Successful Endovascular Salvage For Traumatic Renovascular Injury After Eighteen Hours
T Sotelo, J Hairston
Keywords
renal ischemia, renal vascular trauma, revasularization
Citation
T Sotelo, J Hairston. Successful Endovascular Salvage For Traumatic Renovascular Injury After Eighteen Hours. The Internet Journal of Urology. 2006 Volume 4 Number 2.
Abstract
Management of renal vascular injuries remains controversial. This case report demonstrates one approach to revascularization that resulted in successful salvage of renal function eighteen hours after the initial injury. A seventeen year old woman was involved in a high speed motor-vehicle collision where she sustained multiple life threatening injuries, including a renovascular injury. Eighteen hours after her injury she was stable enough to undergo aortography and was found to have a left renal artery intimal flap which was managed with endovascular stenting. Her creatinine returned to normal and she remains to be normotensive with normal renal function three years later.
Introduction
Management of renal vascular injuries remains controversial. Often times there are associated life threatening injuries involved and time to diagnosis is delayed. Classically, renal revascularization has been discouraged in those patients with a warm ischemia time greater than six hours, unless the injury is bilateral or there is a solitary kidney involved. In this case report we demonstrate one approach to revascularization that resulted in successful salvage of renal function eighteen hours after the initial injury.
Case Report
A seventeen year old woman was involved in a high speed motor vehicle collision. She was an unrestrained driver requiring approximately one hour of extrication, then was taken by helicopter to our trauma center. She required aggressive resuscitation and intubation upon arrival. She sustained spinal fractures at C6, C7, L1 and L2 with spinal cord compromise and paraplegia, a right acetabular fracture and bilateral sacral fractures.

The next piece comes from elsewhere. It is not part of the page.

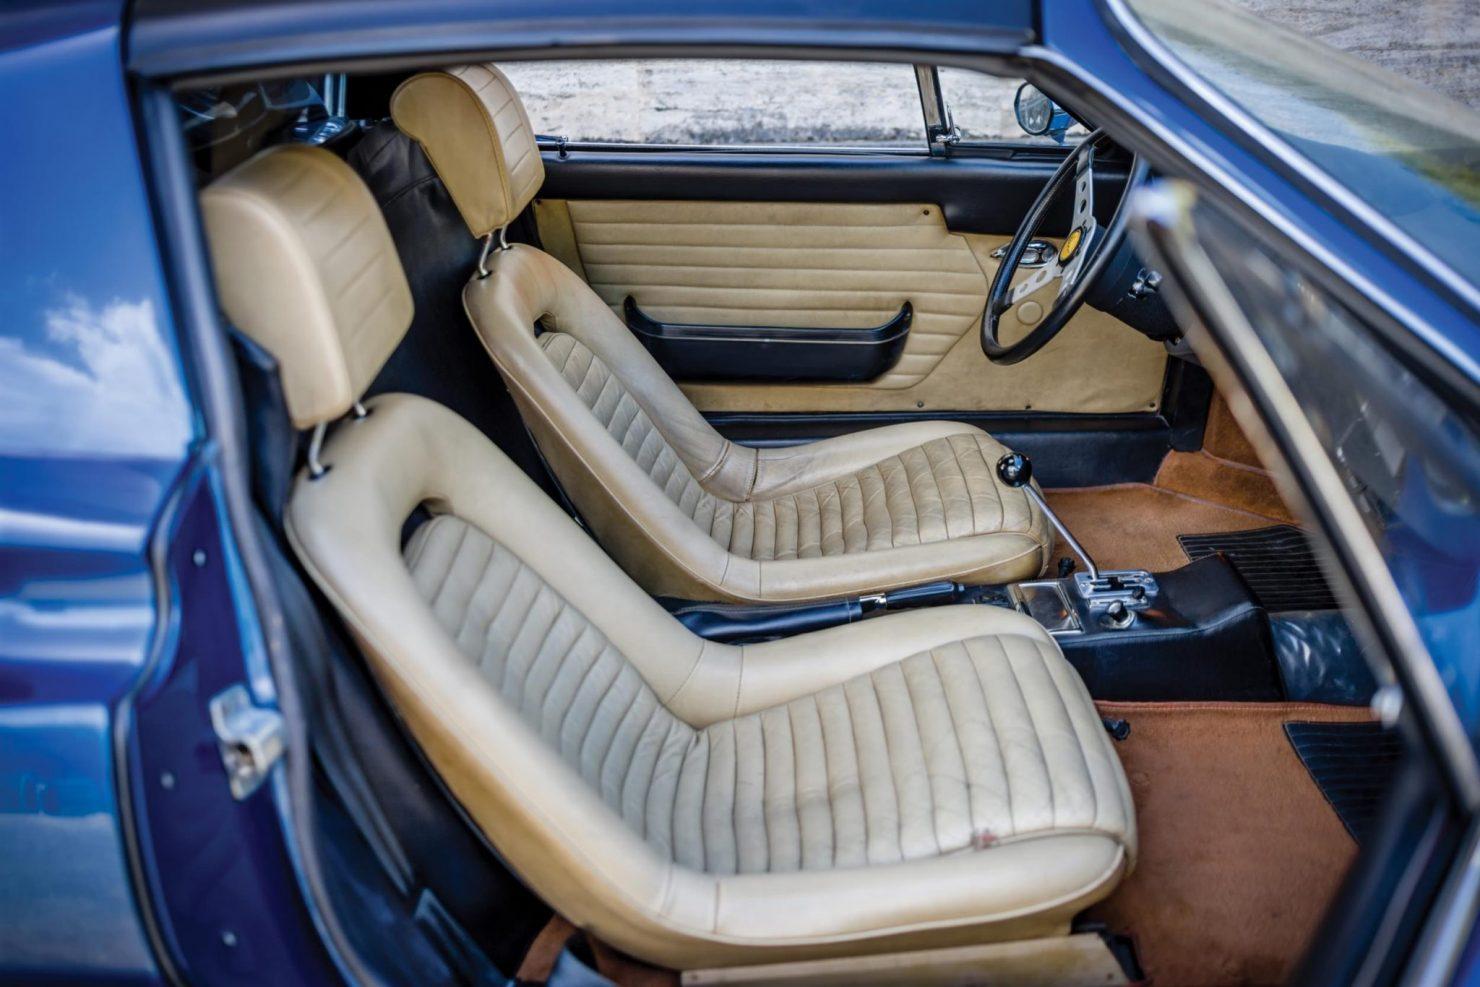 ferrari dino 246 gts car 4 1480x987 - 1973 Ferrari Dino 246 GTS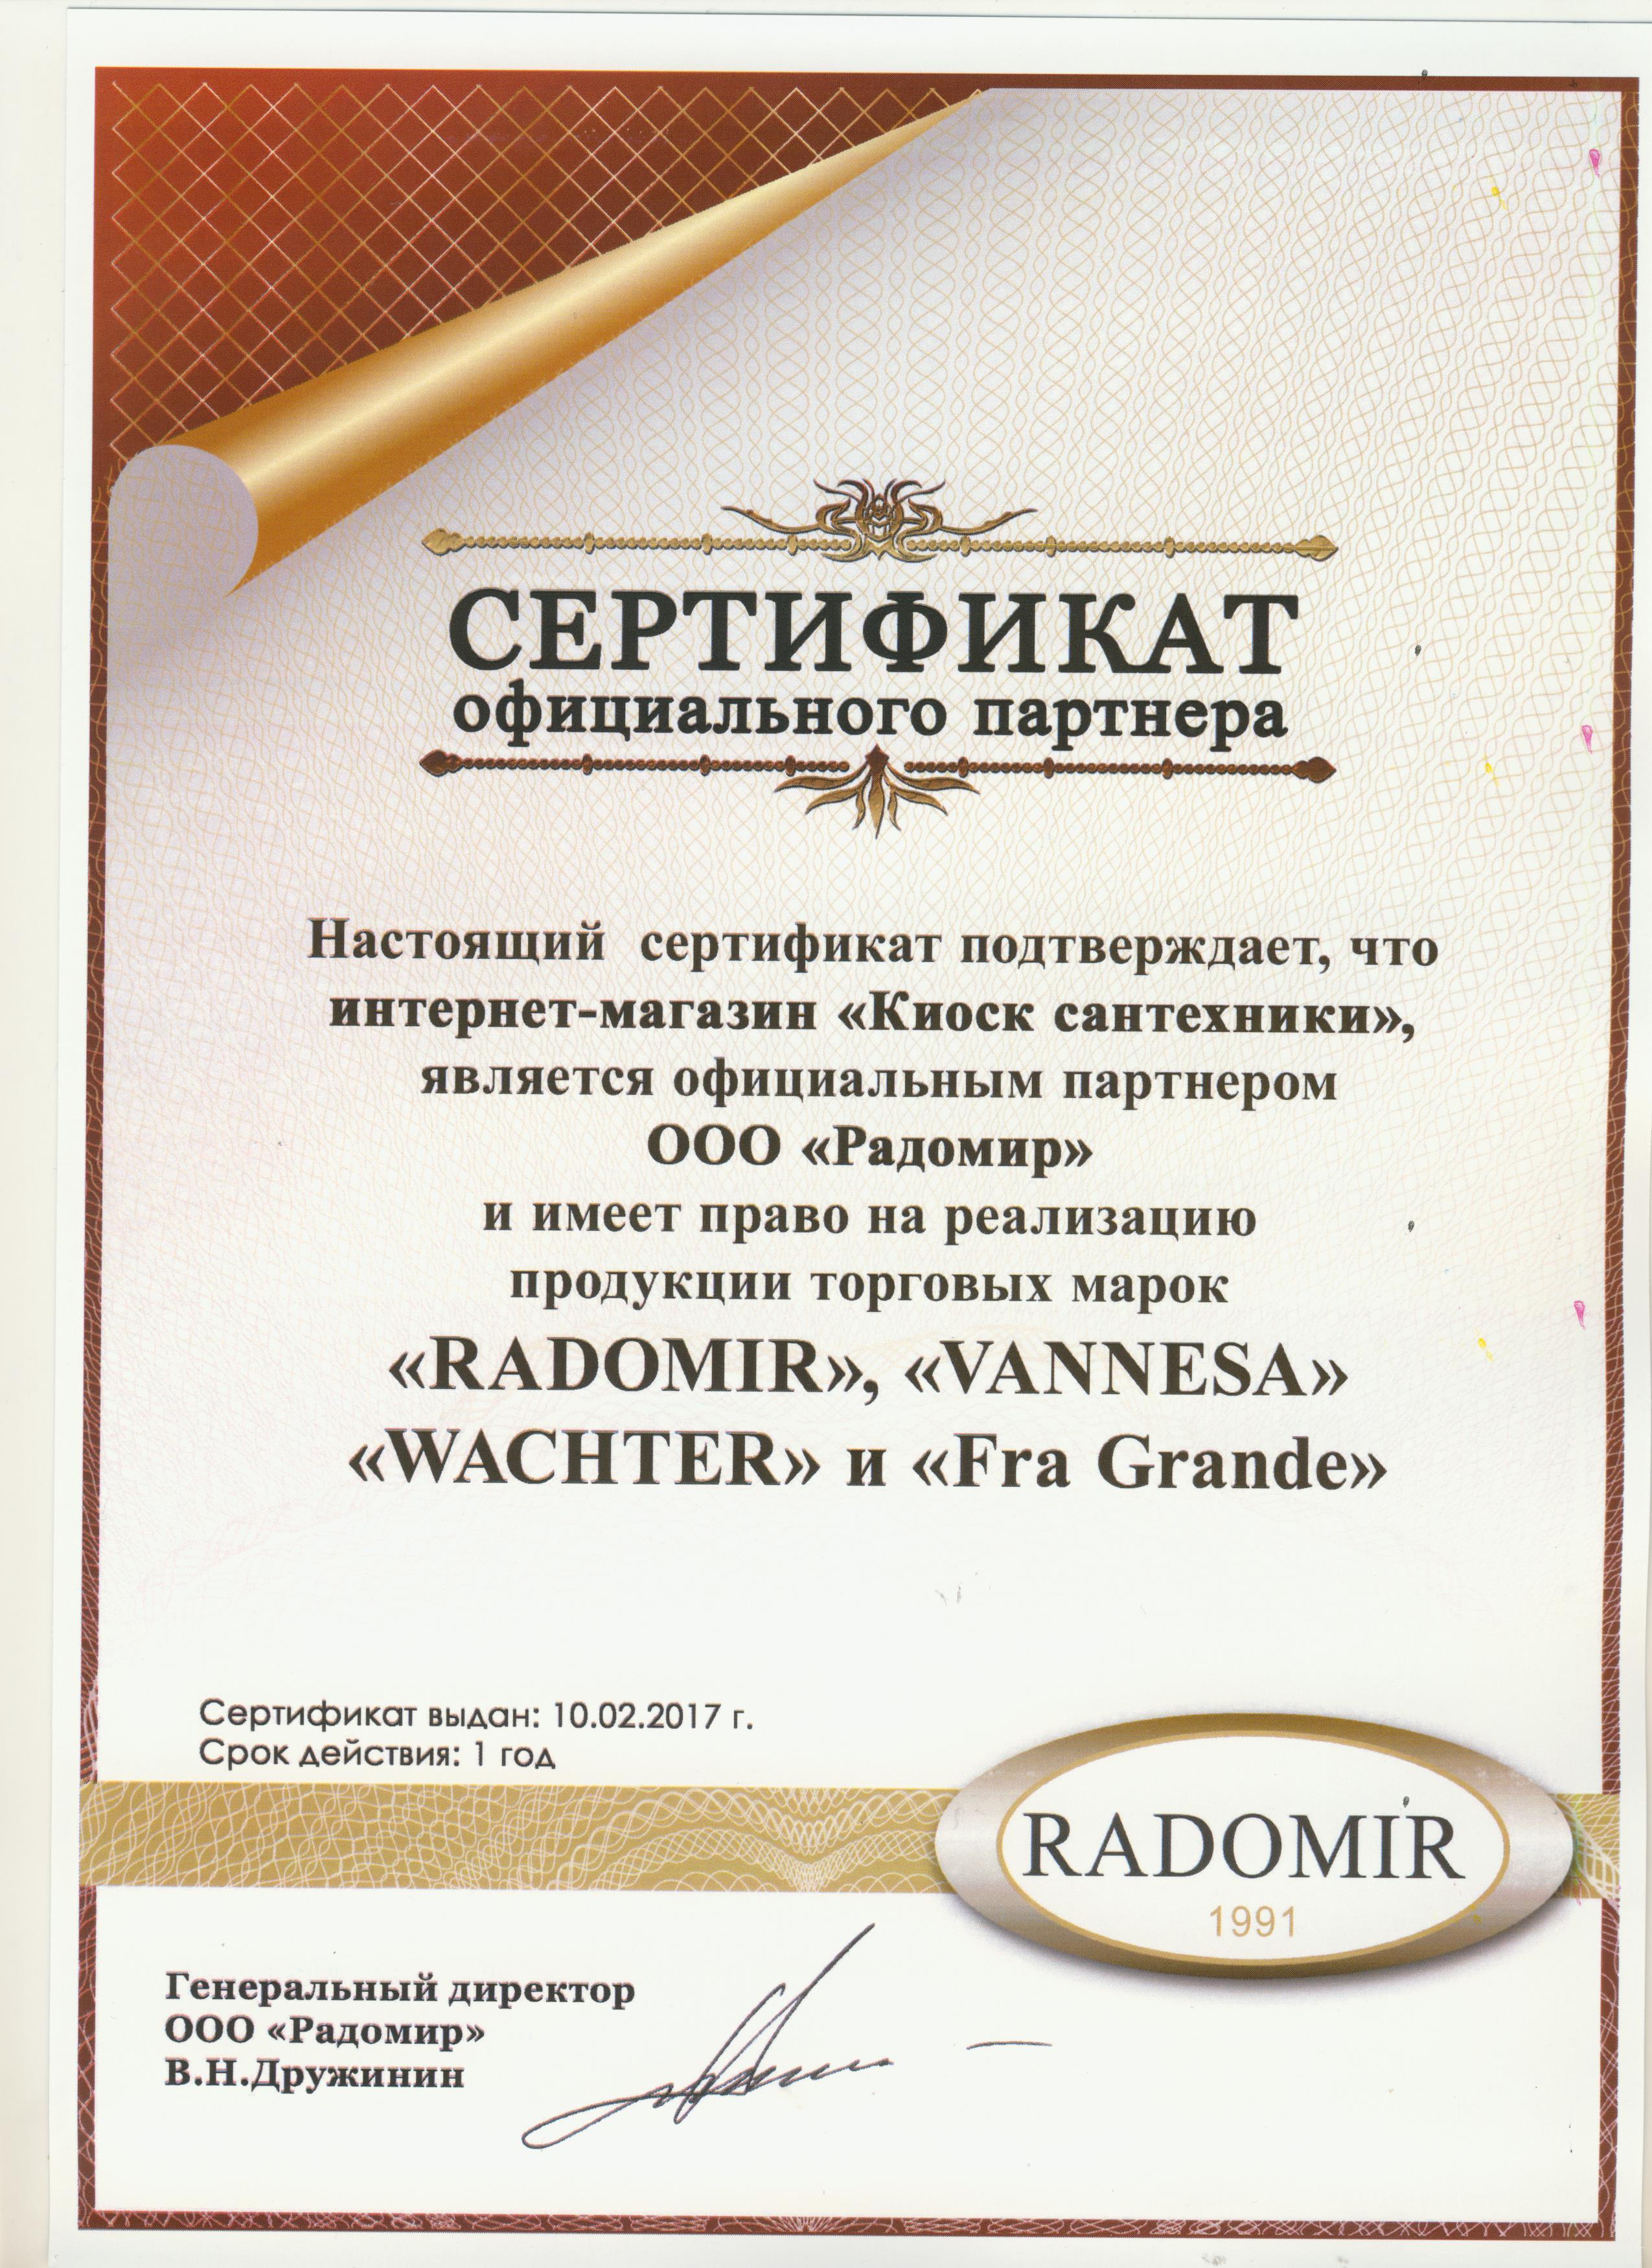 Фото 2008: Душевой бокс Радомир (Radomir) Вирсавия

A contrast enhanced computed tomography scan demonstrated complete lack of enhancement of the left kidney with no significant uptake or excretion of contrast (figure1).
No other solid organ injuries. Initial blood urea nitrogen and creatinine were 16mg/ dl and 1.2 mg/ dl respectively. Urine was without gross blood and had 40-50 red blood cells per high power field on microscopic examination.
She underwent emergent stabilization of her spine but abdominal/retroperitoneal exploration was not performed due to lack of associated injuries. Approximately eighteen hours after the initial time of injury she was stable enough from a neurosurgical standpoint to undergo aortagraphy. This demonstrated markedly decreased left renal artery flow with an abnormal nephrogram (figure 2).
It was suggestive of an intimal flap resulting in approximately 90% stenosis. At that point a sheath and a wire were advanced beyond the defect and a 6mm x 14mm balloon stent was successfully deployed over the site of the intimal flap. An angiogram then performed demonstrated a normal nephrogram with no filling defect (figure 3).
Four days after injury, her creatinine stabilized at 0.9 mg/ dl. Initial nuclear renography showed 84% function of the right kidney and 16% function of the left kidney with an overall clearance of 107 ml/minute. Repeat renogram three months later demonstrated 60% function of the right kidney and 40% of the left with good overall function as evidenced by a MAG3 clearance of 237 ml/minute. This patient continues to improve in follow up and remains normotensive with normal real function three years later.
Discussion
Blunt renal artery injury is a relatively rare finding, one study demonstrated an incidence as low as 0.08% of all blunt abdominal trauma. 1 Treatment of these injuries is estimated at a success rate of only 25-35%. 2 Complications associated with these type of injuries include late renovascular hypertension which can be seen up to 96 days after injury. 3 This occurs more often in those without revascularization. Time to reperfusion is thought to be a major factor in the decision of revascularization with the theory that late hypertension develops secondary to ischemic damage.
Endovascular stent placement for blunt renal artery injury has been shown to be a favorable approach for these injuries in the absence of other injuries requiring surgical intervention. It avoids possible mortality and morbidity of open surgery and thus far has shown low incidence of late hypertension or complications.